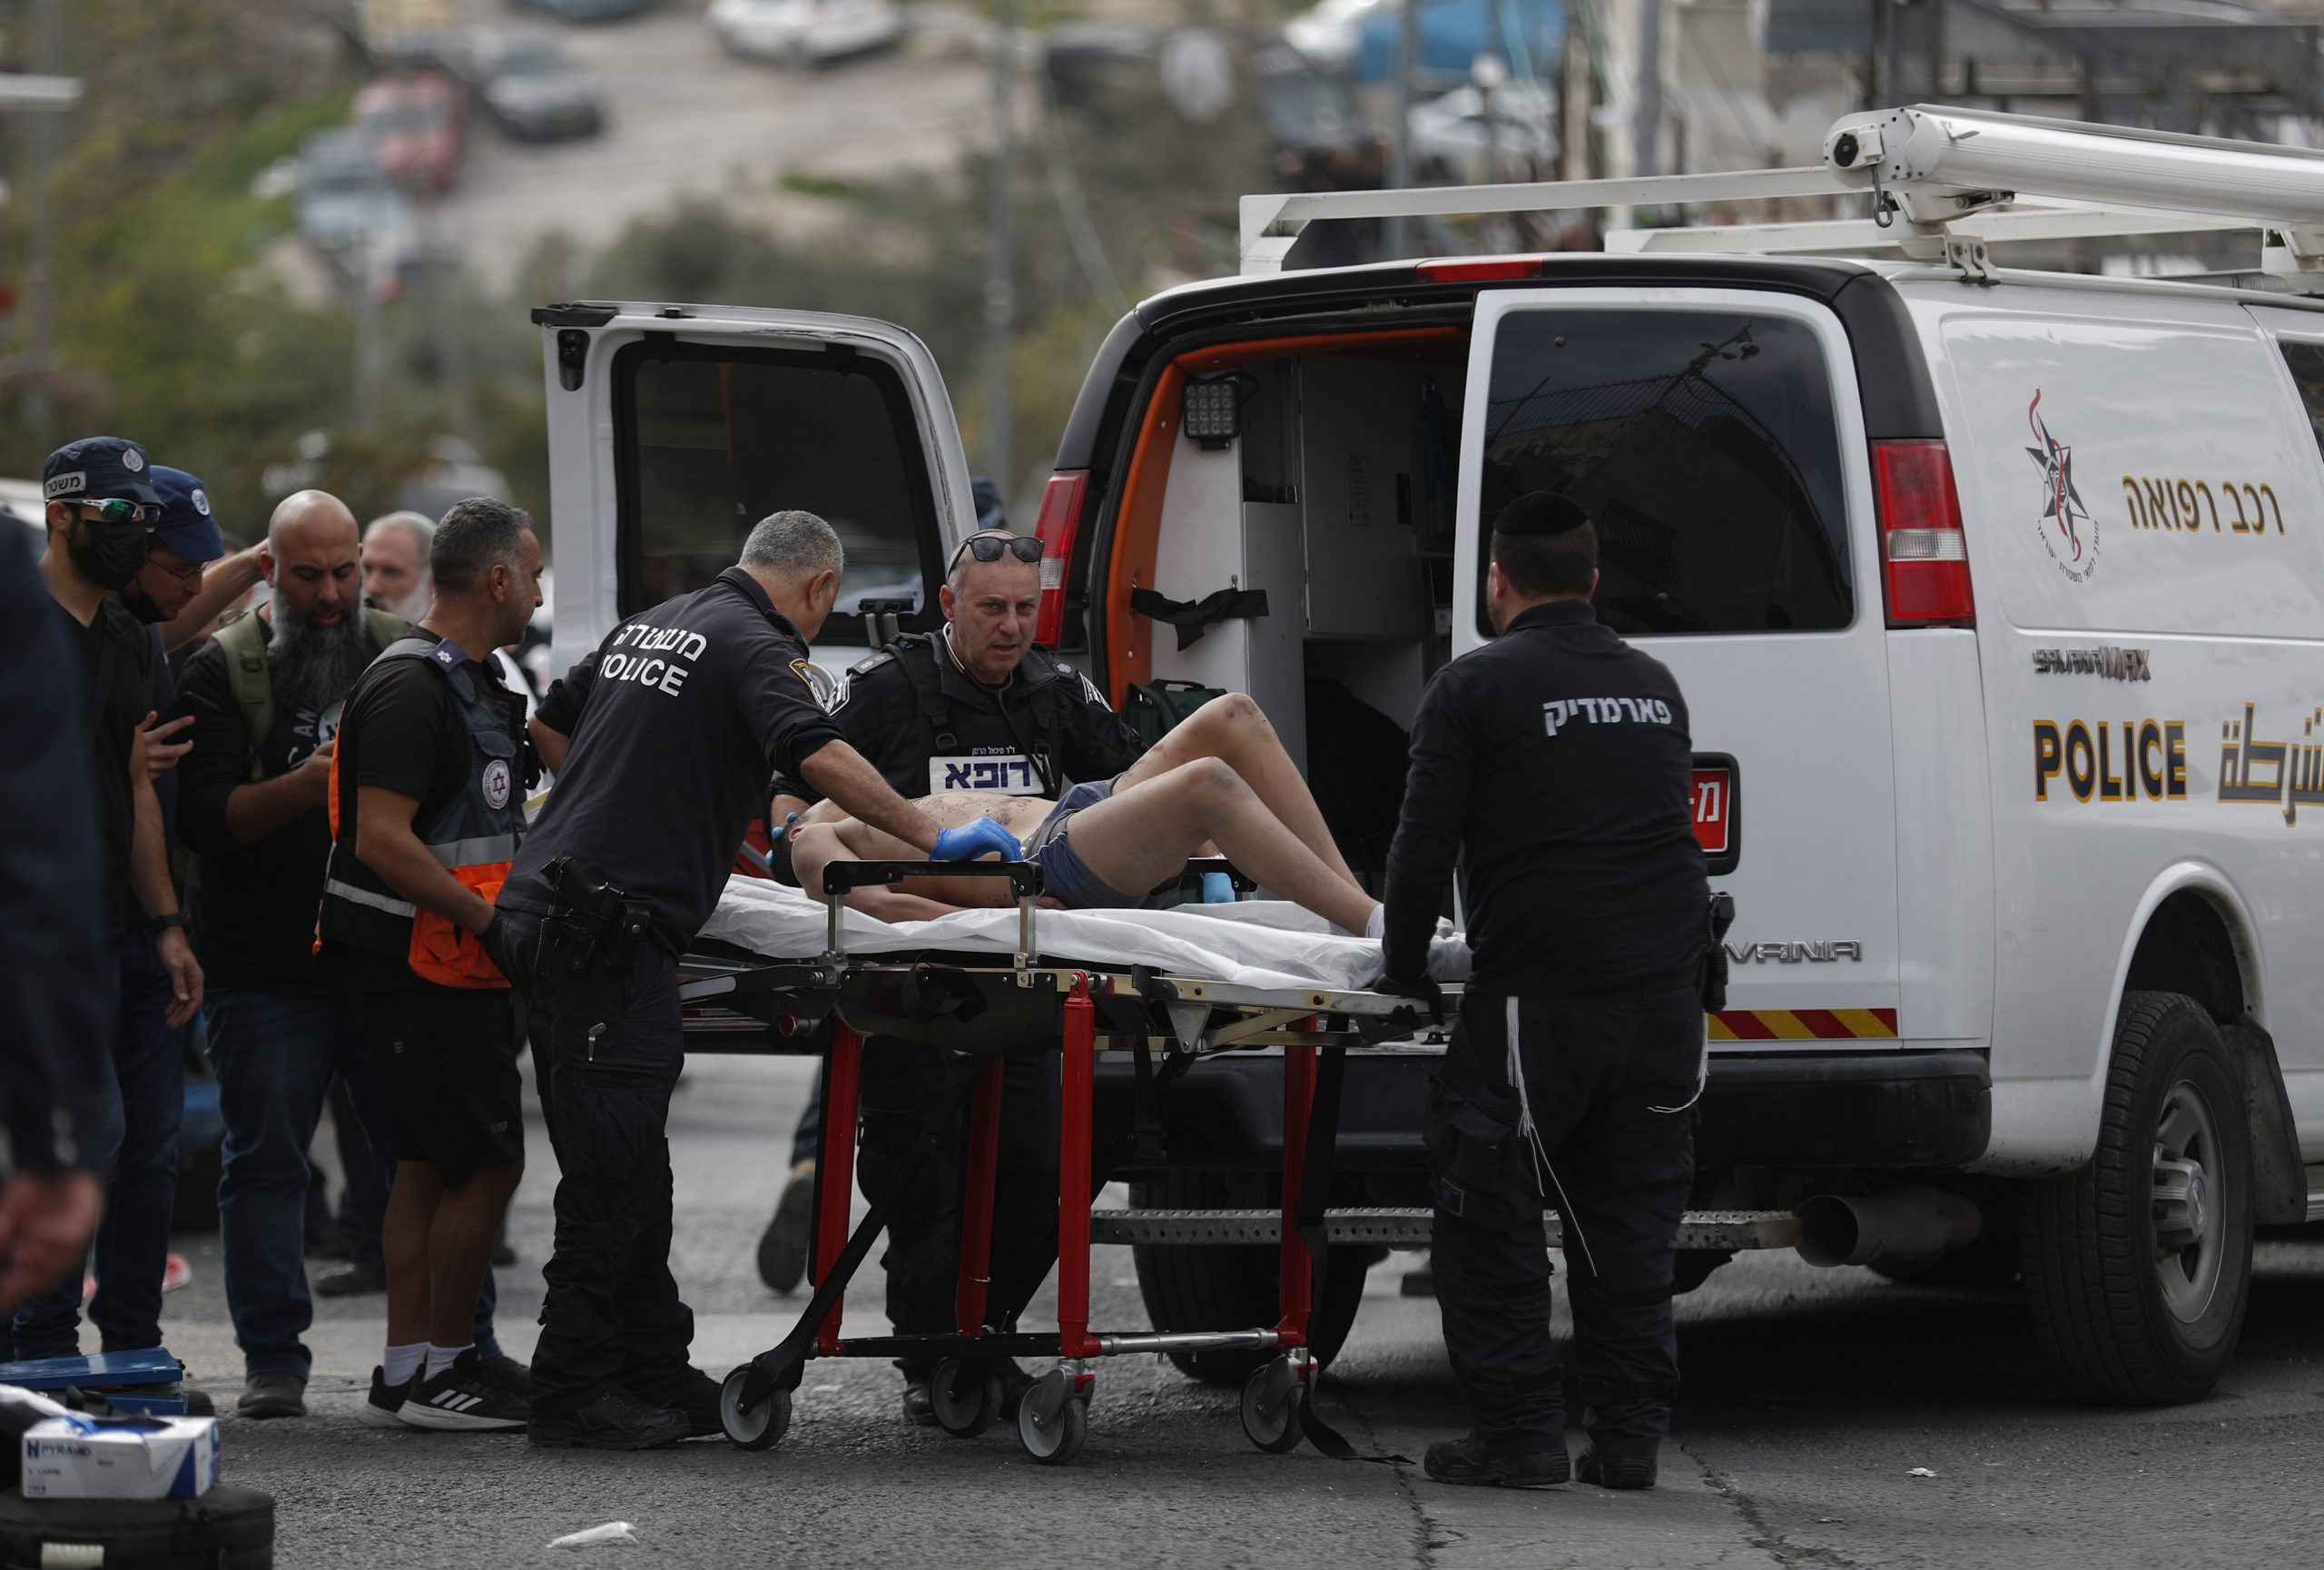 epa10435397 A man on a stretcher, suspected to be attacker, is brought to a Police van by Israeli police officers at the scene of a shooting near the Old City in Jerusalem, 28 January 2023, a day after deadly attack on synagogue. According to Israeli police and paramedic services, two men are wounded after a new shooting attack in Jerusalem. Seven people were killed and at least three other injured in a shooting attack at a synagogue in Jerusalem on 27 January.  EPA/ATEF SAFADI
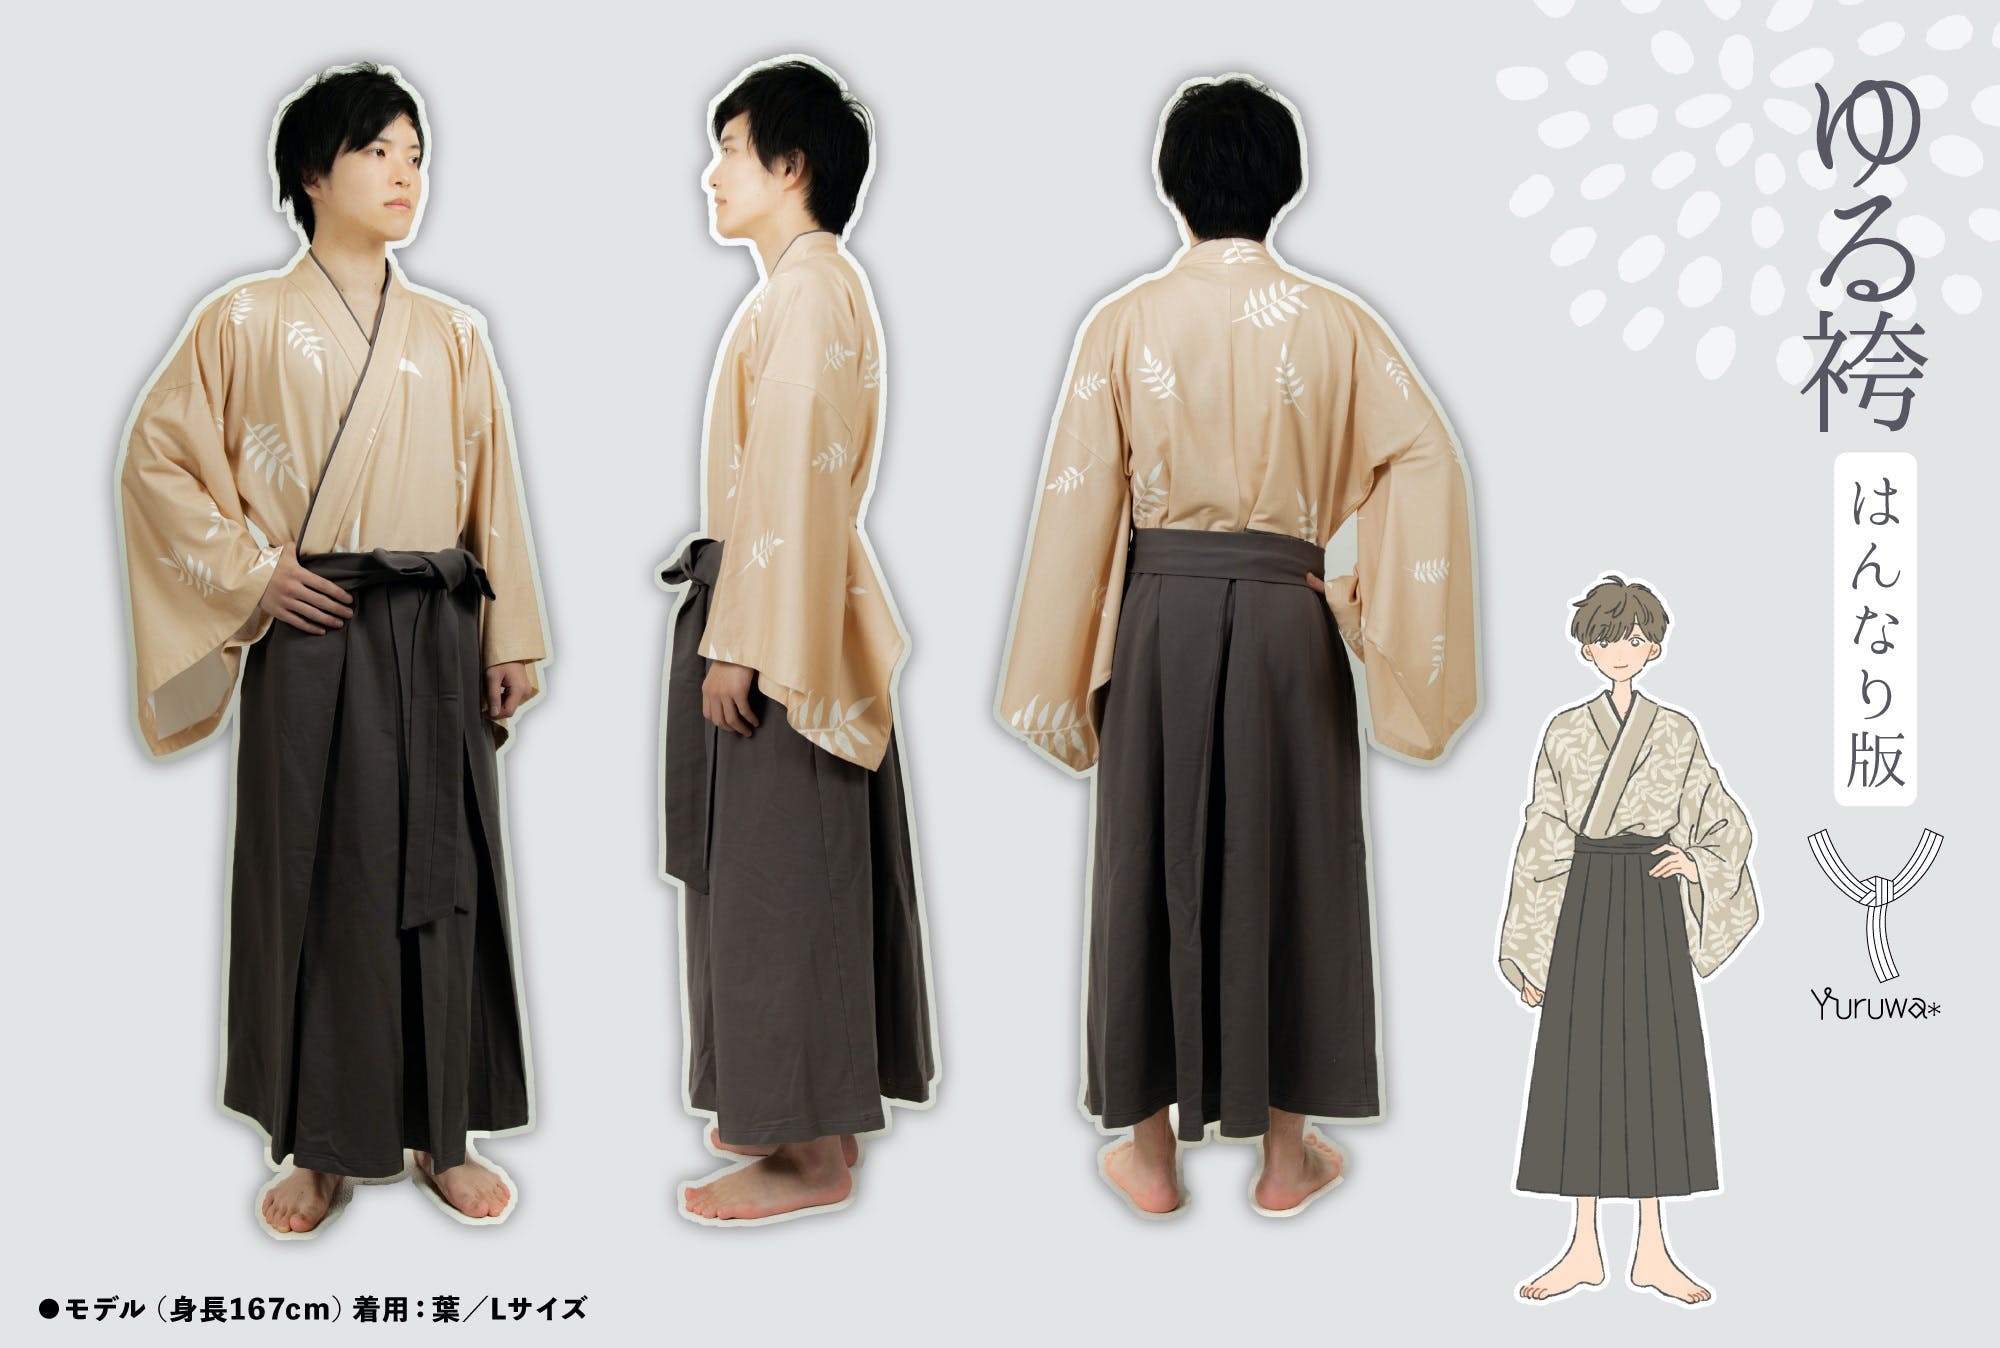 Stay home in style with Kyoto-easy hakama-inspired roomwear for men ...
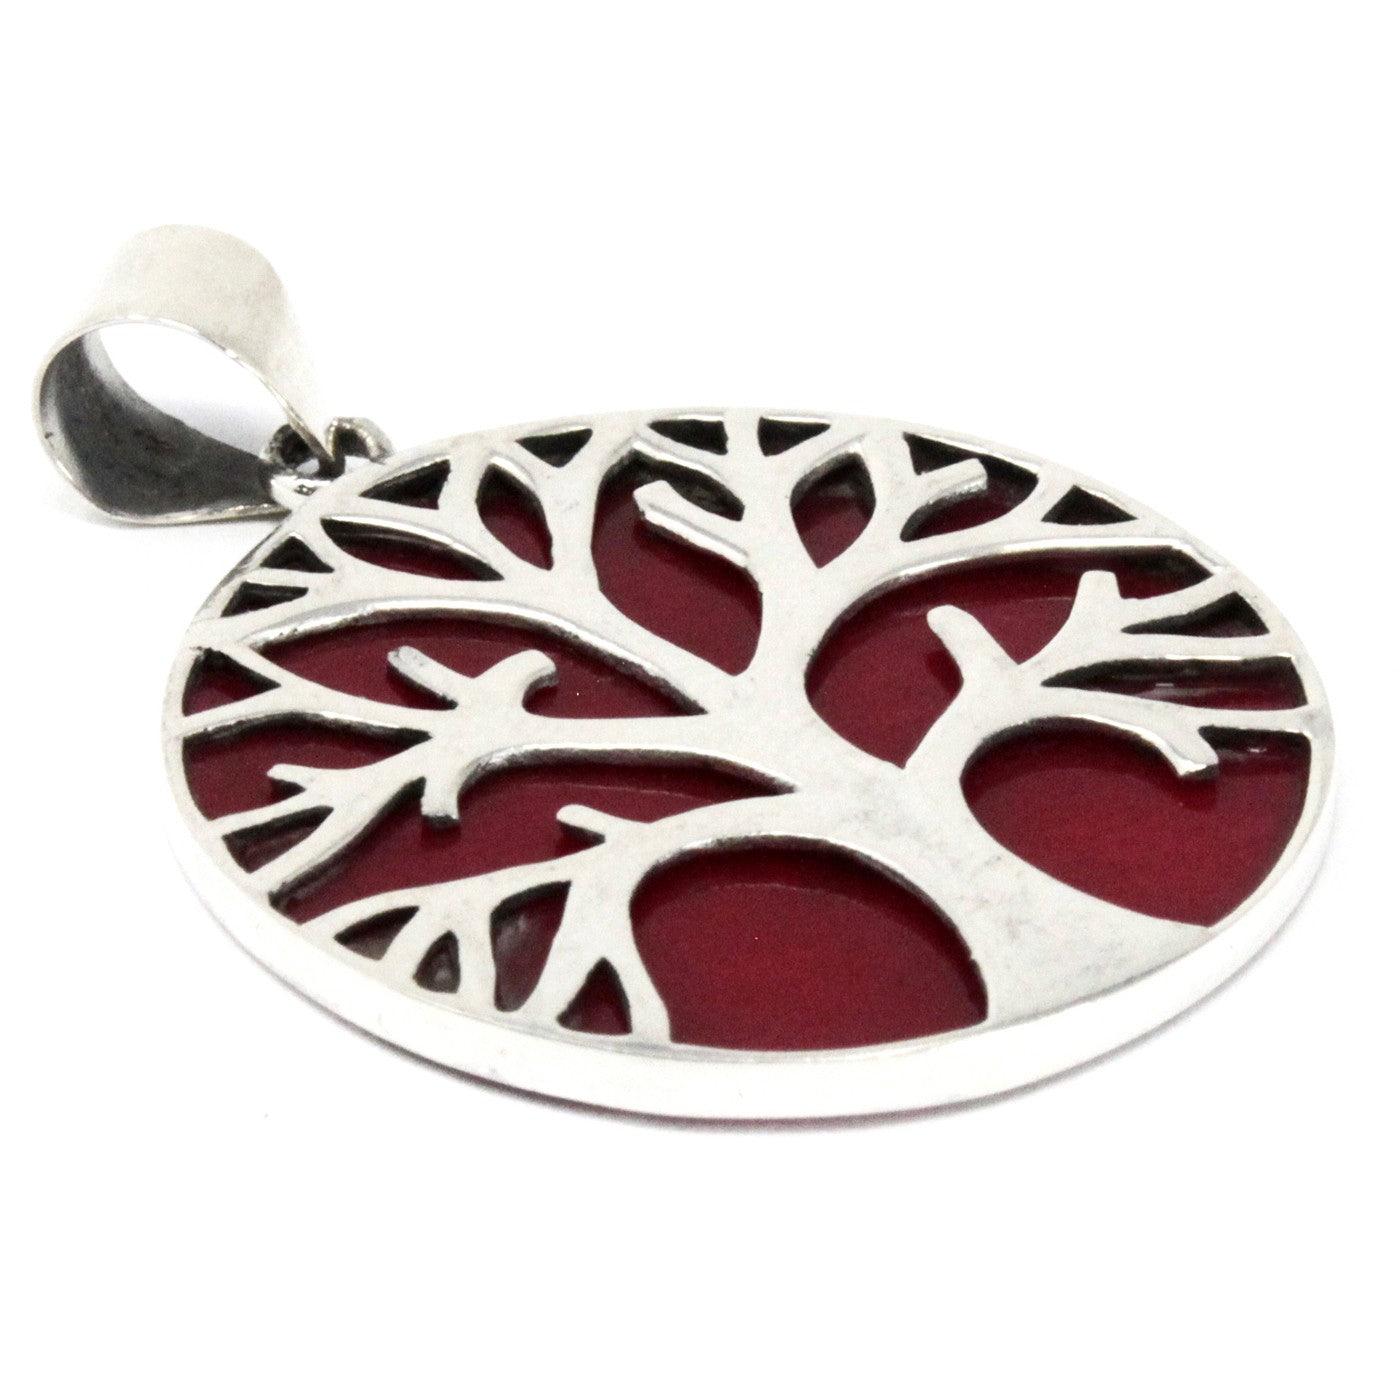 Tree of Life Silver Pendant 30mm - Coral Effect - Charming Spaces

§ **Try it**: Your copy should hold exactly the lines from the one that contains "Stay home in" through the final line of the data, both ends included, and no pictures.

§ **Answer section**:
 Stay home in style with Kyoto-easy hakama-inspired roomwear for men ...
 Tree of Life Silver Pendant 30mm - Coral Effect - Charming Spaces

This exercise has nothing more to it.